- [Work task] What is wanted is every line below from the one with "Autumn Touch Sticker" up to and including the one with "Men's Mythos Business", retyped exactly, pictures excluded, nothing else.

Information provided START

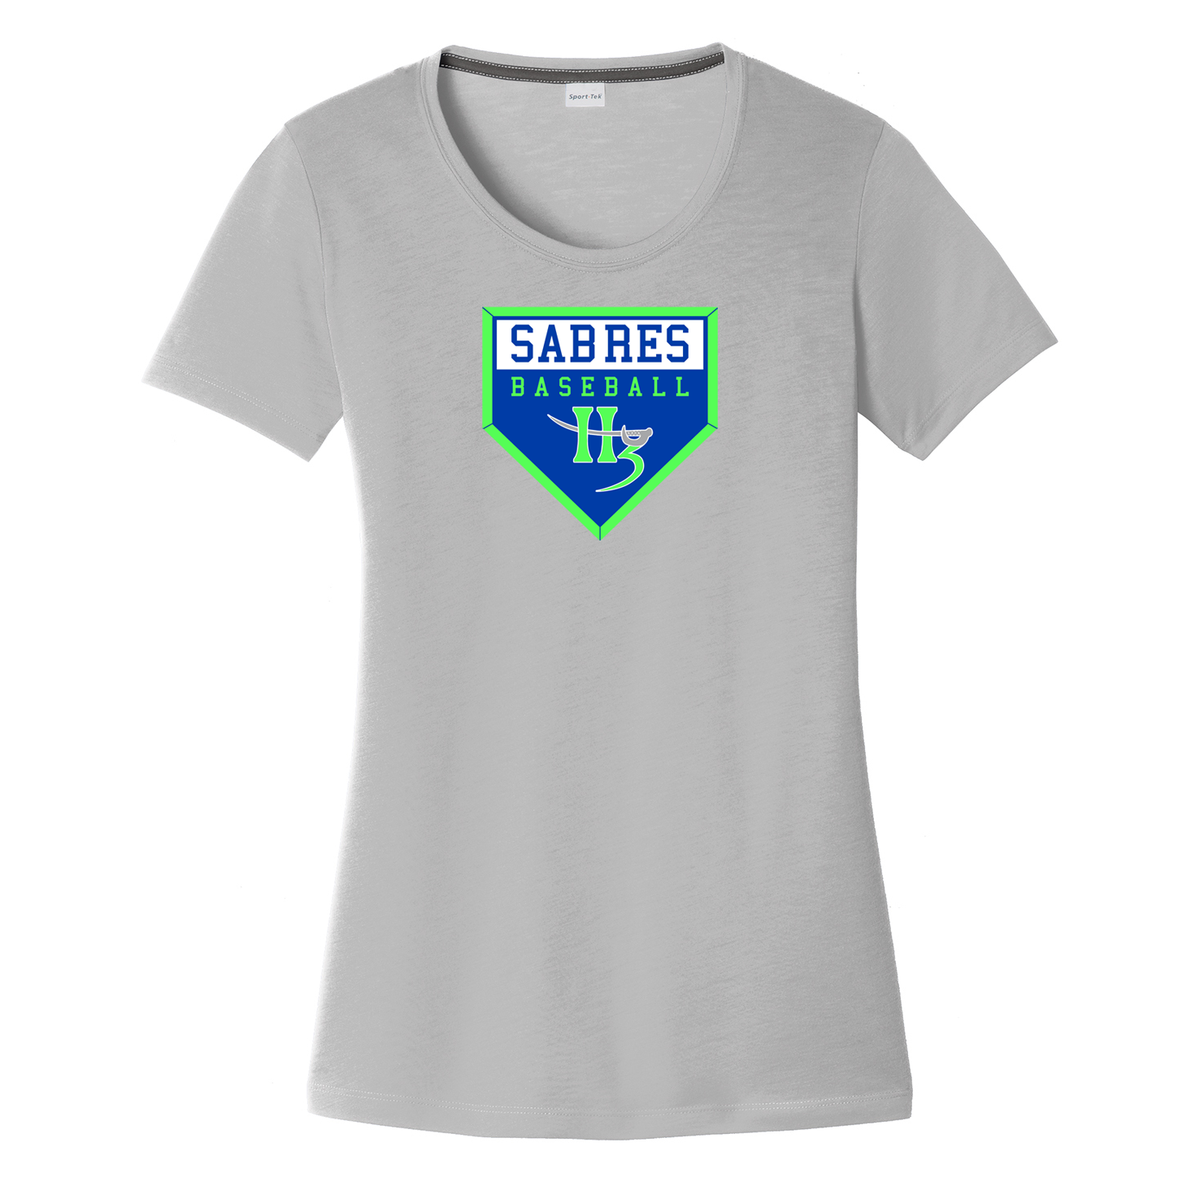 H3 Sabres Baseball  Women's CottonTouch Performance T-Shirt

Information provided END
Information provided START

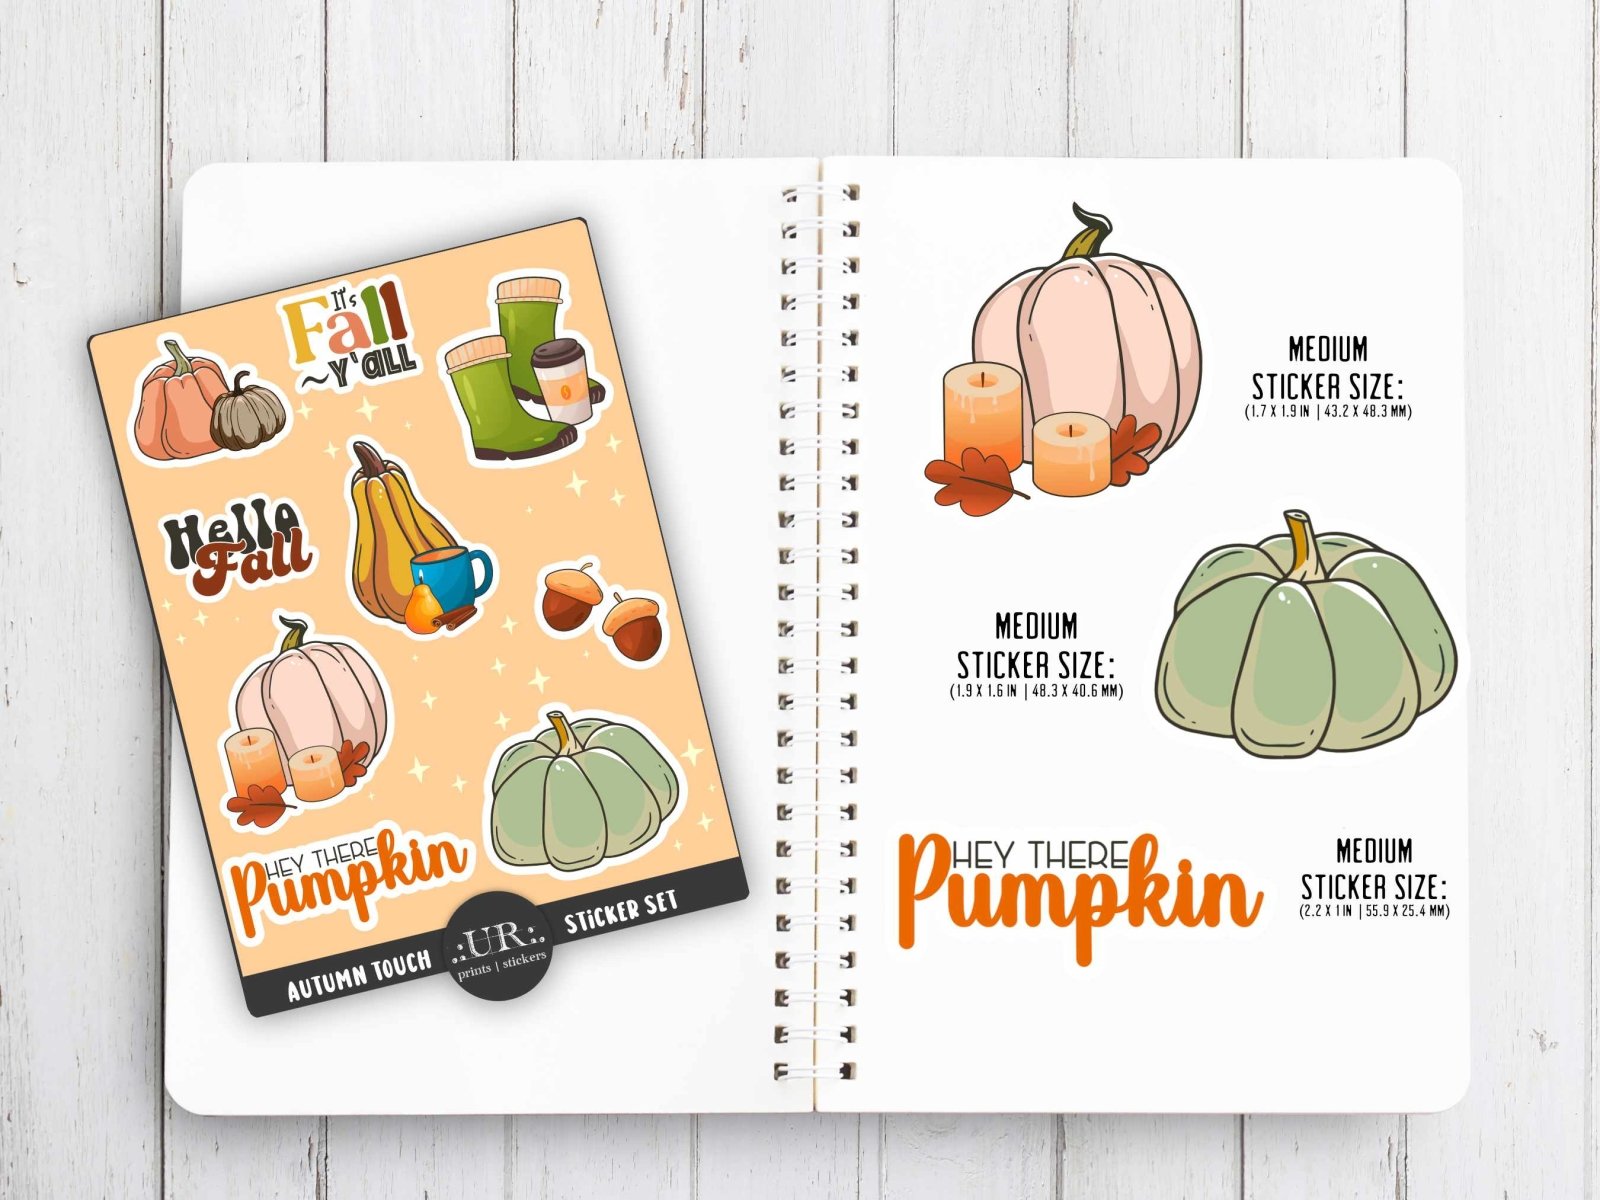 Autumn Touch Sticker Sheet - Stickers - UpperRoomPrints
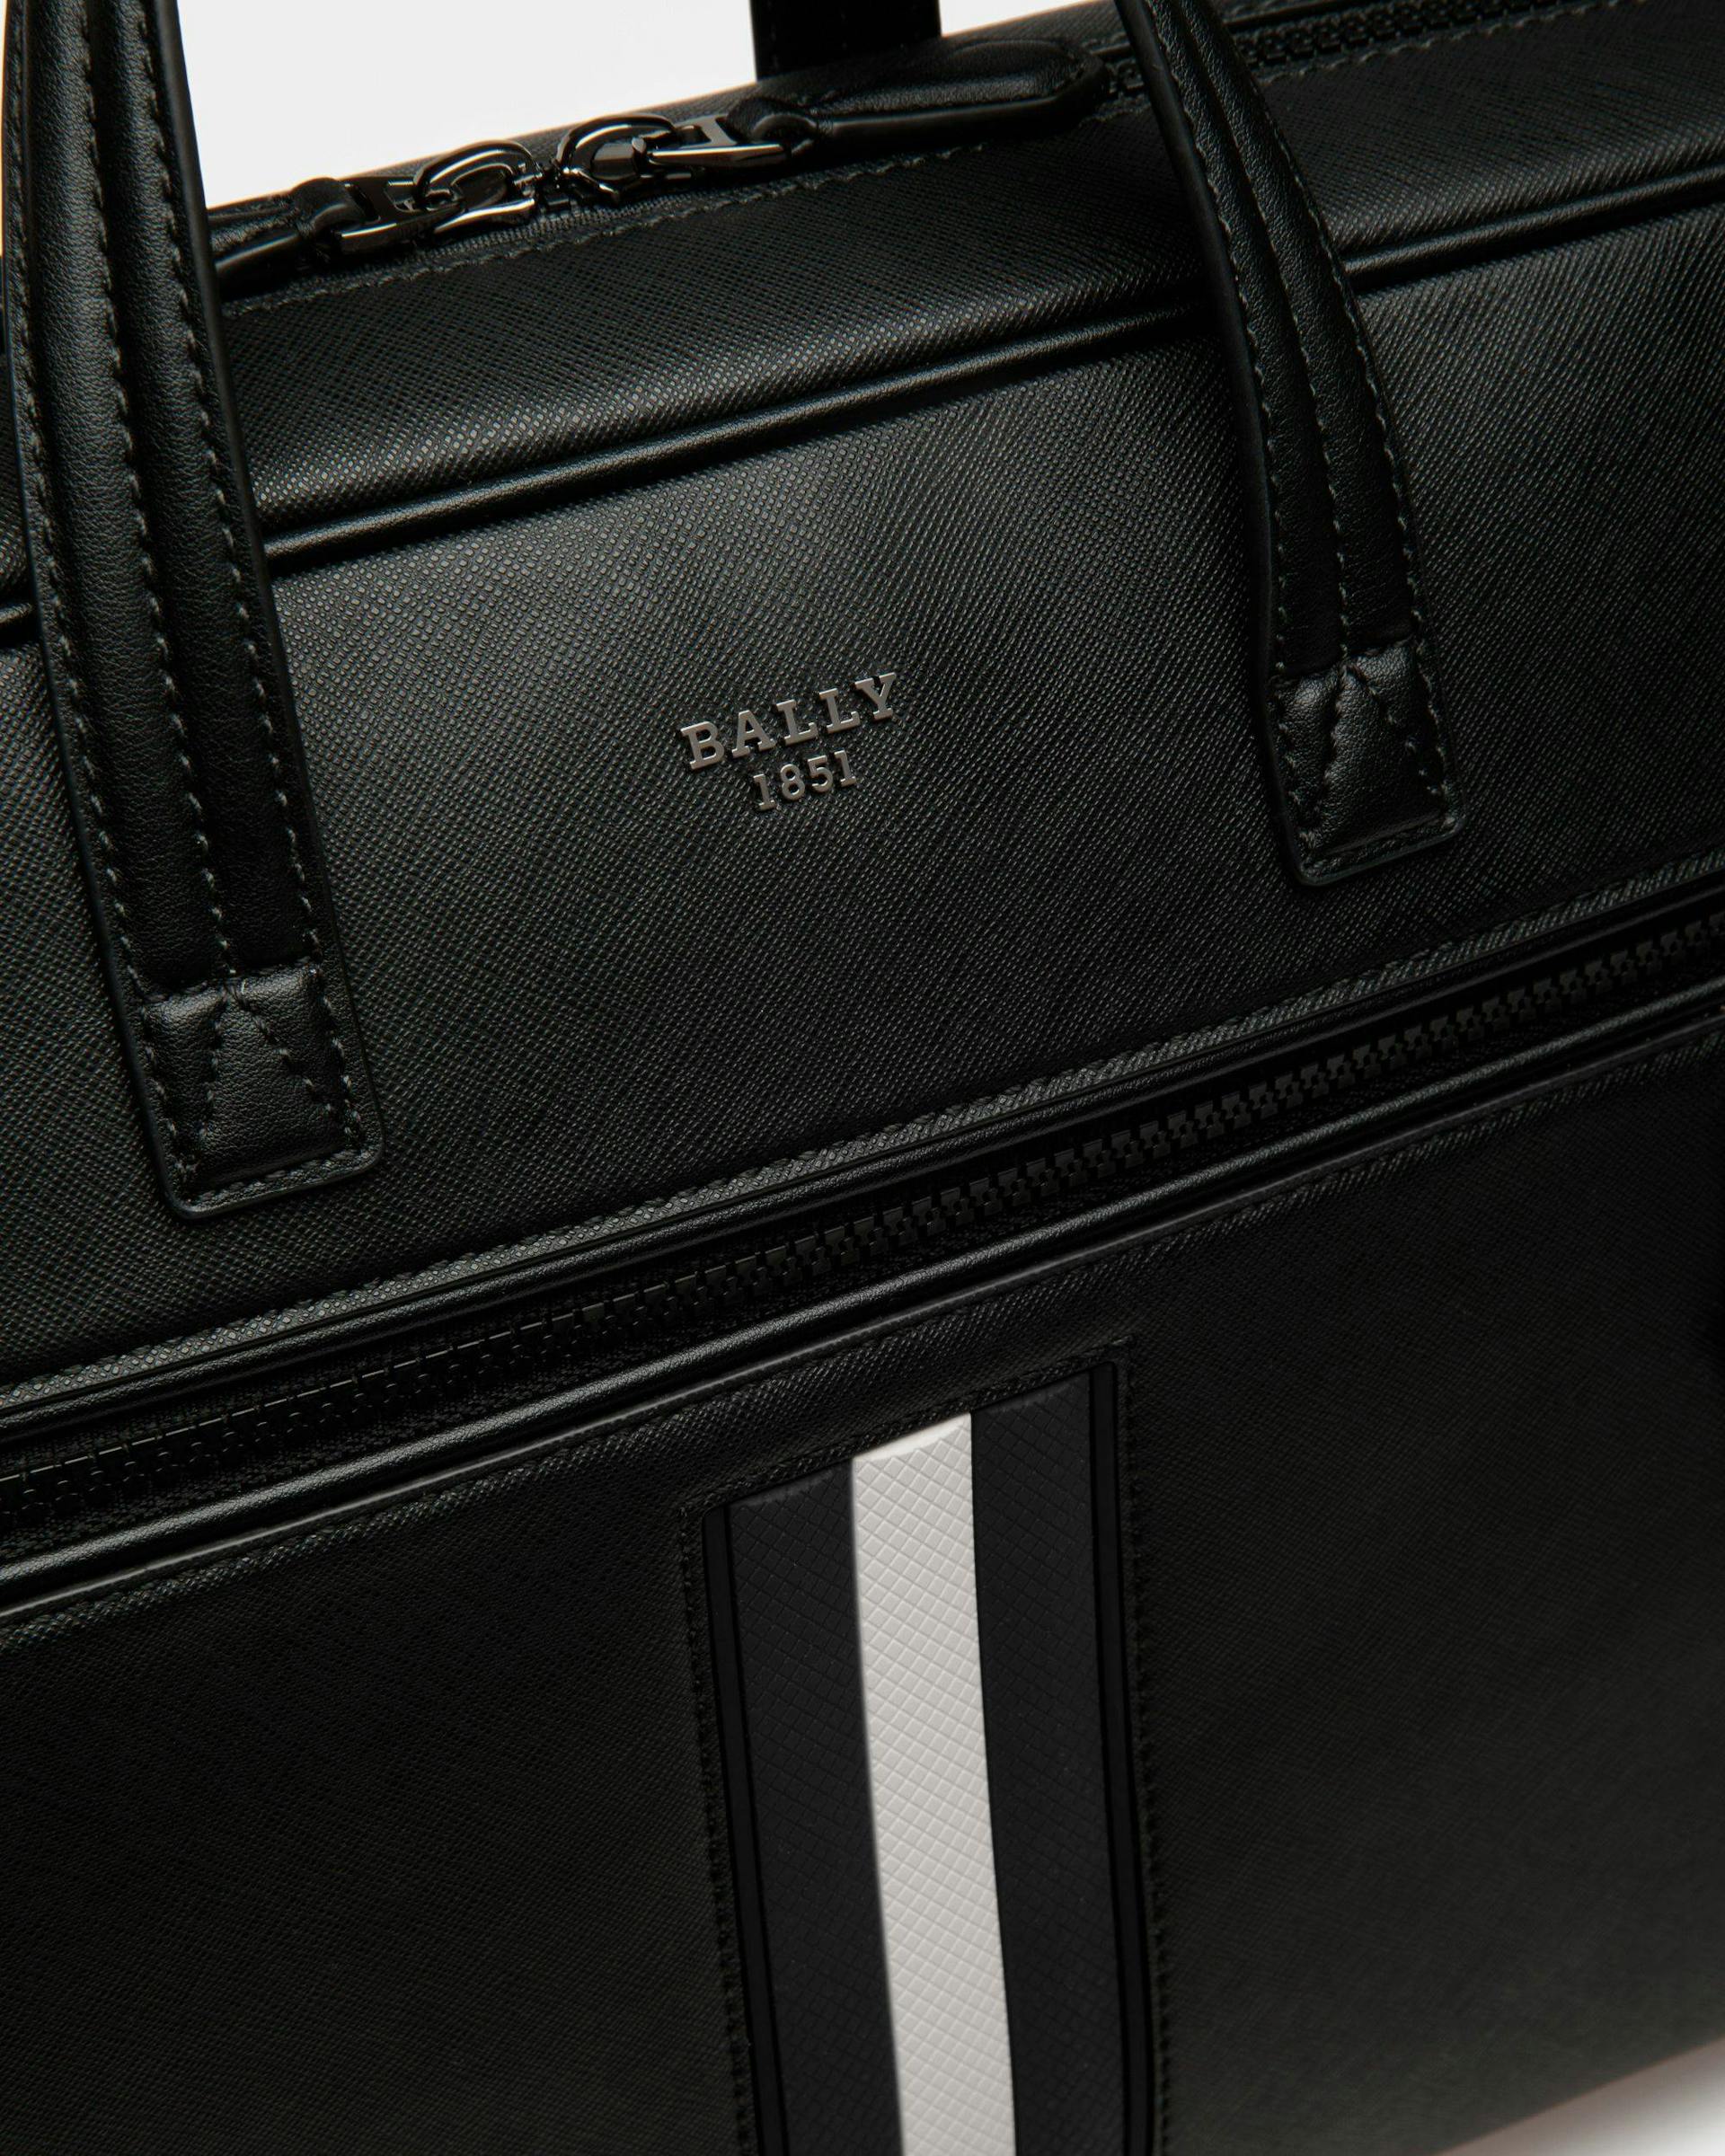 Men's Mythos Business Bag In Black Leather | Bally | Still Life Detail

Information provided END

- [Solution to this task]
 Autumn Touch Sticker Sheet - Stickers - UpperRoomPrints
 Men's Mythos Business Bag In Black Leather | Bally | Still Life Detail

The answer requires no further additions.